Inside Miyahara, the decorations have elements of the whimsical

The second stop to the department store, Miyahara, was promoted as a Harry Potter experience. The store was famous for its architecture and for their ice-cream shoppe.

We also visited Rainbow village, which was hyped in the tour guides as a selfie haven, but it was originally housing for military families during the war. A former soldier, Huang Yung-Fu, started painting the houses to keep them from being demolished, and he never stopped until every surface was covered.

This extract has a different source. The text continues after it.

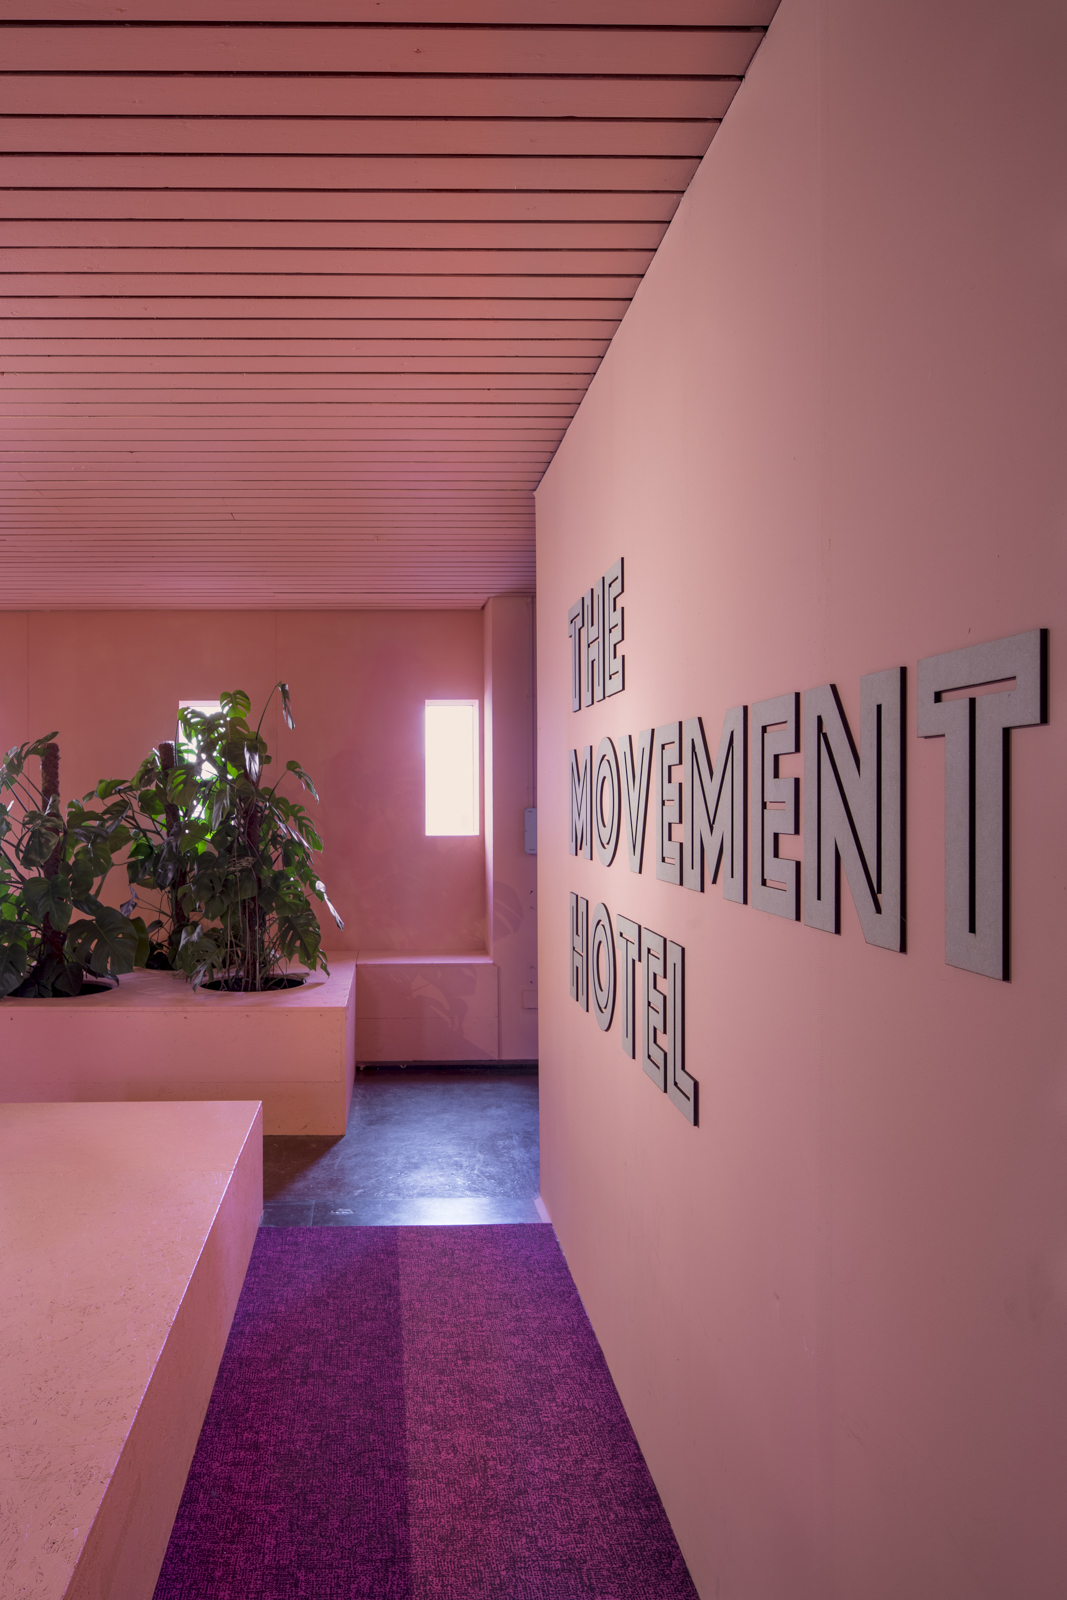 <p>The Movement Hotel in de Bijlmerbajes door ÈMCÉ interior architecture (Foto:  Wouter van der Sar en ÈMCÉ interior architecture)</p>

Shocking, I say. Absolutely shocking!

Now tourists flock here to marvel at the colorful depictions of birds, animals, and people. We both were fascinated by the cultural aspects of the paintings - totally worth it, photo op and all!

Our final destination was the hook that convinced me to book the tour: Gaomei Wildlife Sanctuary. We arrived shortly before sunset and walked along a path bordering the marshes and enjoying the local wildlife.

A moment of peace and tranquility

Gitty spotted a local birdwatcher so she approached him with caution in case he was skittish. He turned out super friendly and we chatted for a while. He pointed us to some other birding havens on Taiwan to check out. Walking along the boardwalk as the sun set was serene and the best ending we could hope for.

Our first hotel in Taipei was modest meaning it drove us to get out more and explore the city. The Chaing Kai-Shek Memorial Hall was only a ten minute walk away and we chose another sunny day to visit the park within the walls of the complex. Inside the memorial was an exhibition by Zhou Cheng, a famous Chinese landscape painter, that we enjoyed perusing, dissecting, and analyzing. The long scrolls of scenic drawings in faded hues of green with hints of pink and red spanned the exhibition hall and just absolutely amazed us. There was so much skill on display in the images with columns of Chinese characters describing the mind of the painter.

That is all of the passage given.